Well I'll answer honestly and say usually for domestic.

I take the dynamic risk assesment approach. :)

If I'm working in a commercial environment then always.
 
I put rarely as my honest answer. Take it on a case by case basis and act accordingly. I am happier when I have a 3036 fuse firmly in my pocket rather than simply isolating a MCB I must admit.

My lovely Wiha sidecutters, which were new at the time, got a nice little hole when I mistakenly cut a live cable. They are great for stripping 1.5mm now.

I should probably be more cautious though. Time to dust off the MCB lock I think...
 
I can only speak for the industrial side.

All the companies I’ve worked for, no permit or incorrect isolation and you’re in deep ----. This covered more than just electrical, all plant services and dangers were included.

In the electrical department we had a get out. Sections of plant could be handed over for test. You can’t test many things with no power and bits isolated.
You had to have a damn good reason for asking for a “sanction to test”.

The isolation procedure at the first place was 170 pages covering just about anything you could think of.

The foundry wanted to improve their systems and I was lumbered with the job. Quick get out for me, phone the first company.

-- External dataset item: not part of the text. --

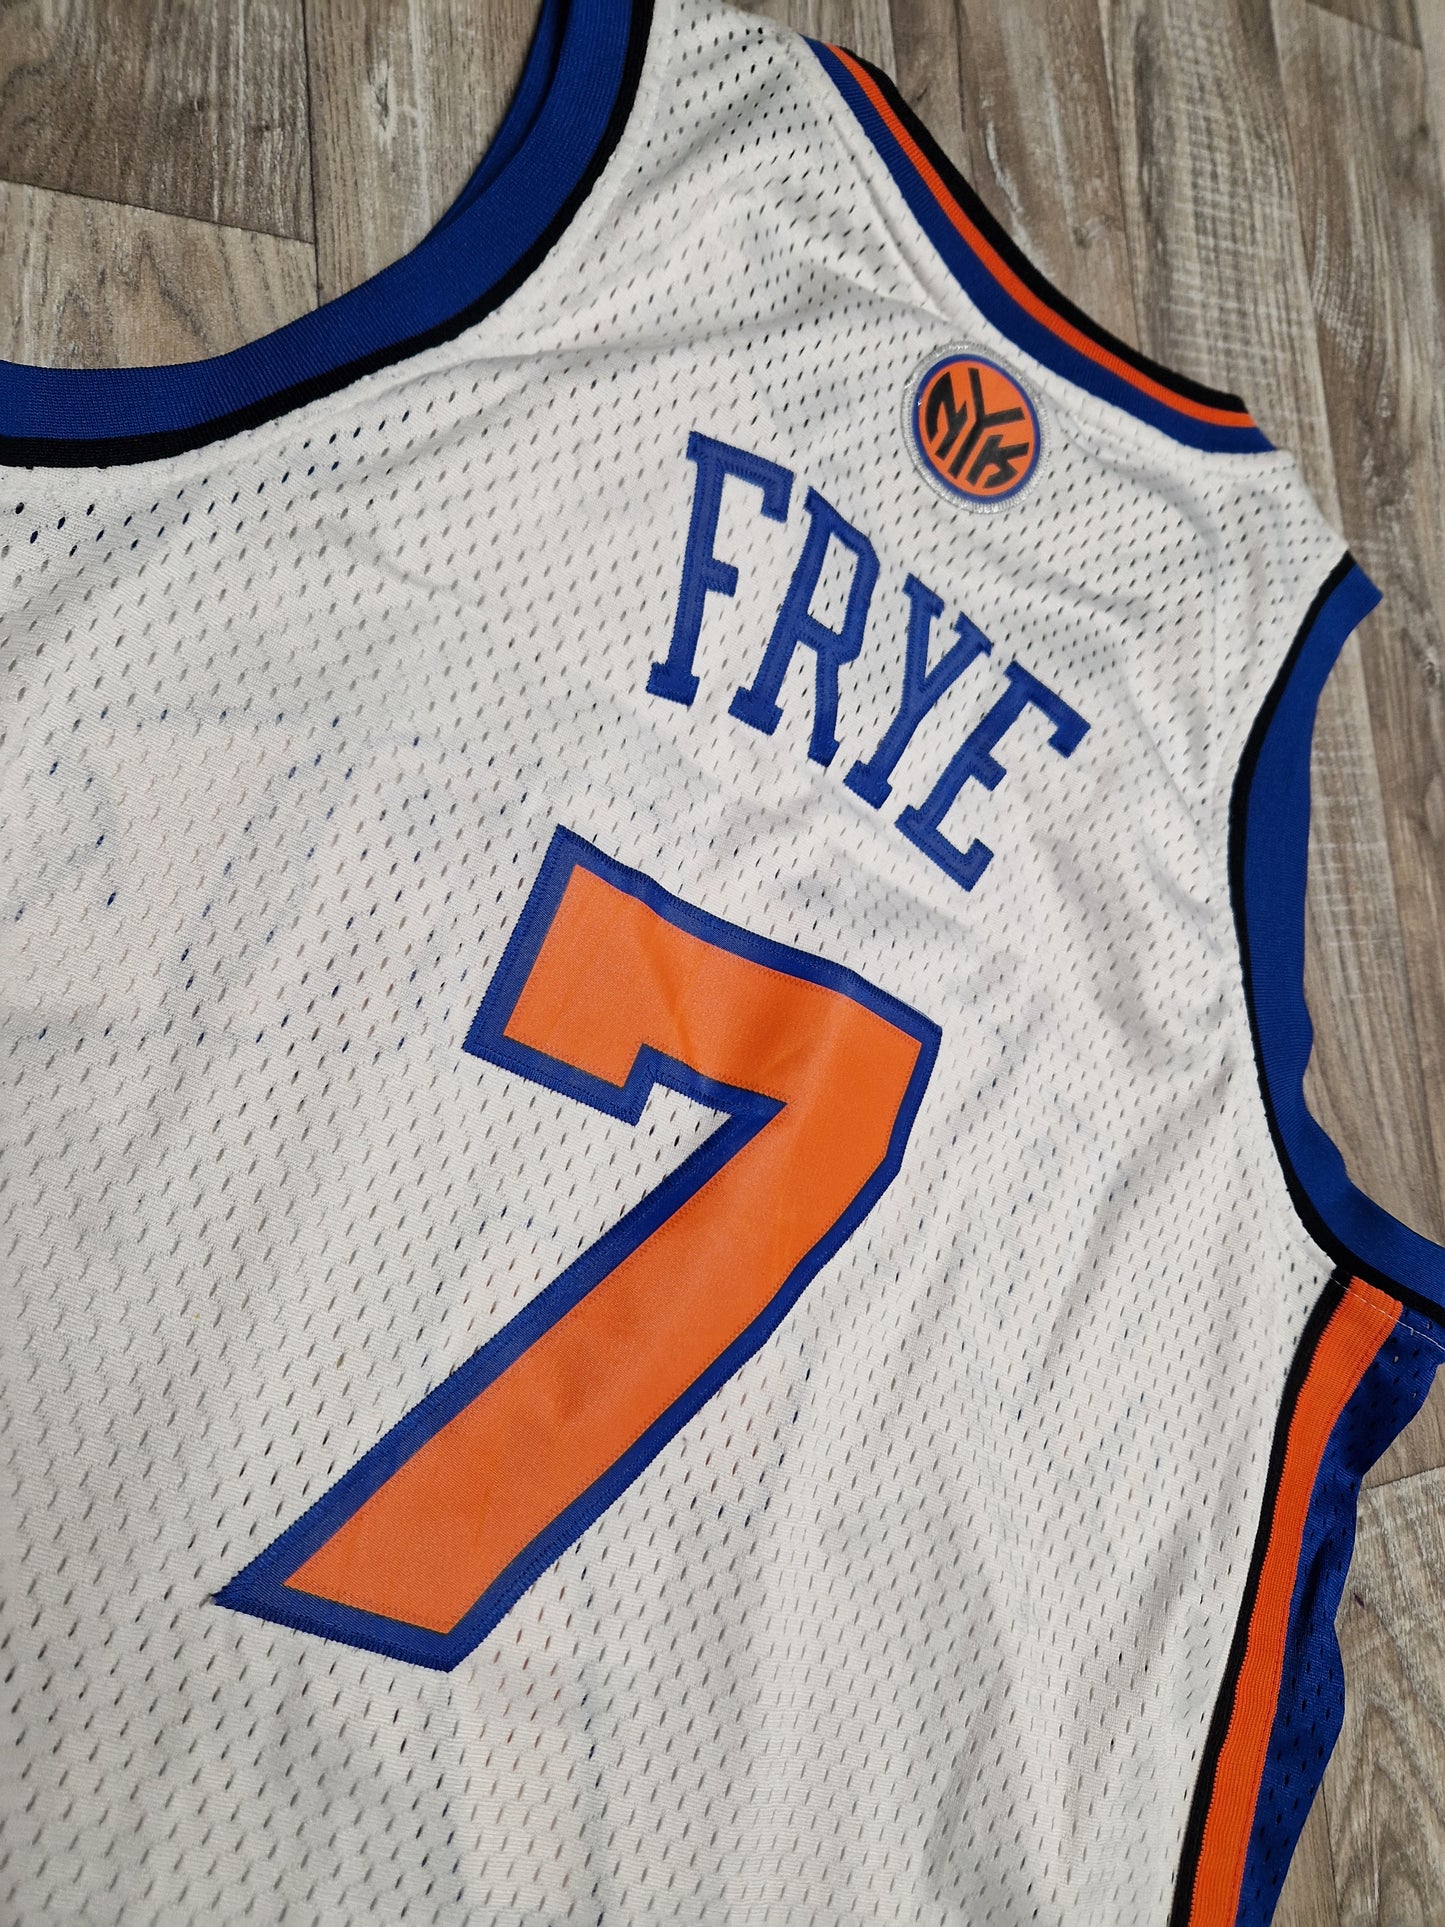 Courtney Frye New York Knicks Jersey Size Medium

They sent me the full document, the management went in to a state shock when I dropped it on their desks.

Isolation procedures need commitment from everyone involved.


What goes on in the domestic field I don’t know but I’m getting the feeling its very lackadaisical.
 
I can only speak for the industrial side.

All the companies I’ve worked for, no permit or incorrect isolation and you’re in deep ----. This covered more than just electrical, all plant services and dangers were included.

In the electrical department we had a get out. Sections of plant could be handed over for test. You can’t test many things with no power and bits isolated.
You had to have a damn good reason for asking for a “sanction to test”.

The isolation procedure at the first place was 170 pages covering just about anything you could think of.

The foundry wanted to improve their systems and I was lumbered with the job. Quick get out for me, phone the first company. They sent me the full document, the management went in to a state shock when I dropped it on their desks.

Isolation procedures need commitment from everyone involved.


What goes on in the domestic field I don’t know but I’m getting the feeling its very lackadaisical.
usually in domestic its, flick it off then a bit of tape over breaker
 
I'm with Tony on this one, it's a different world working in the industrial sector. I have worked on many varied things from huge crushers and tyre shredders to furnaces, foundries and the list goes on.
It doesn't bear thinking about what could go wrong if there wasn't an extremely stringent isolation procedure in place, I have unfortunately witnessed a couple of serious injuries due to lack of safe isolation and I don't want to see another one as long as I live.
 
Most commercial we used 2 sets of padlocks, our own and the main contractors.
Permit to work, and then only when main contractor and electrical contractor are both happy that the circuit(s) have been dead test again, will both padlocks come off and re powered.